The original “moon suits” were tested here in the 1960s
(Update: Added video and comments from NASA administrator)
BEND, Ore. (KTVZ) — NASA recently tested new spacesuits designed to return to the Moon and explore Mars in the future at a number of natural sites in special areas around and near central Oregon.
Dr. Pascal Lee, NASA’s Haughton-Mars project manager, led the testing effort in Oregon late last month.
“We thought this was really convenient, because we have a spacesuit to test, and we’re going back to the moon, so we came to Oregon,” he told me Monday.
I’m back, that is.
Apollo astronauts trained and tested their spacesuits in Oregon during the 1960s because the volcanic landscape is very similar to the moon.
He said they haven’t come back to Oregon to see how useful it is, just yet.
“We were amazed by the quality of all of them,” he told me.
A crew of about 10 people came to Oregon to test the new suits at some of those same locations, which include Lava Butte, Big Obsidian Lava Flow, Fort Rock, Hole in the Ground and Yapoah Lava Flow at McKenzie Pass.
They also visited a number of new sites to prepare for NASA’s upcoming mission to the south polar highlands of the Moon – and eventually Mars.
New sites included the Pumice Slope in Crater Lake National Park, the Painted Hills at John Day Fossil Peads National Monument, Skylight Cave and Little Nash Crater.
“In case you didn’t know,” he told me, “Oregon has really nice analog positions for the Moon, and also for Mars.”
The reason they’re testing new locations like Starlight Cave is because for the first time ever, they’re testing spacesuits designed specifically for caves.
He told me they’re setting requirements for what future spacesuits might need to explore caves.
“We want–there are some other things I can’t really talk about, but it was fine,” he told me with a big smile.
Another change being tested in the new suits is the addition of electronics.
The suits are designed to display GPS maps, show heart rates, respond to voice commands, and assist with detailed image sampling.
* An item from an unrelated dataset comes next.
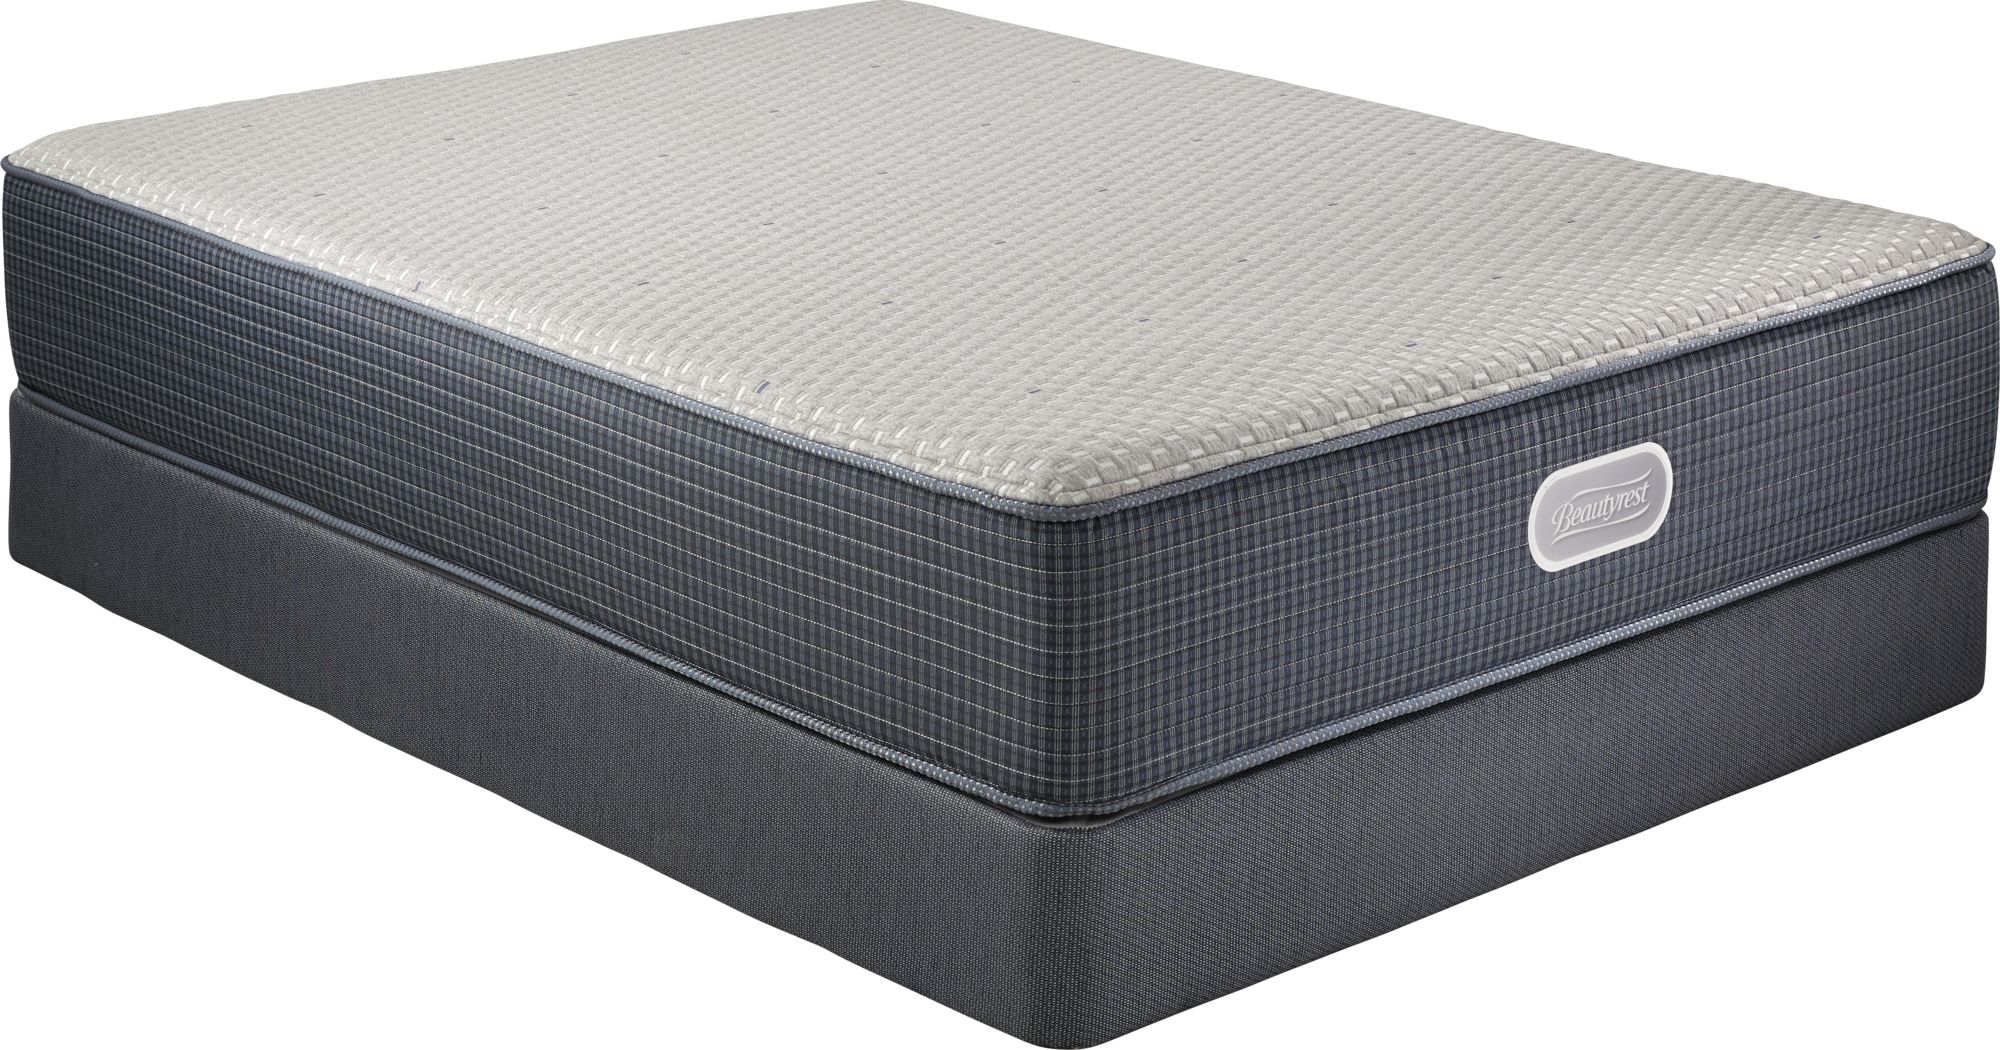 beautyrest hybrid geneva lake queen mattress set reviews

Just what you’d expect from a 21st century spacesuit.
He told me, “The things that will make spacewalks on the Moon and on Mars safer on the road. This kind of technology needs to be tested in a real-world field environment, which is why we came to Oregon.”
Lee hopes that the suits will be used on the lunar surface within the next decade, and said this was a promising first step.
“Details will be written into technical papers and magazines, but the result is that it works really well, and it works beautifully.” He said to me.
Lee said he could see astronauts exploring Mars by the mid-2030s, and he hopes to run more tests in Oregon before then.
“If you could only take astronauts to train in five places on Earth, Oregon would, in my view, be in the top five,” he told me.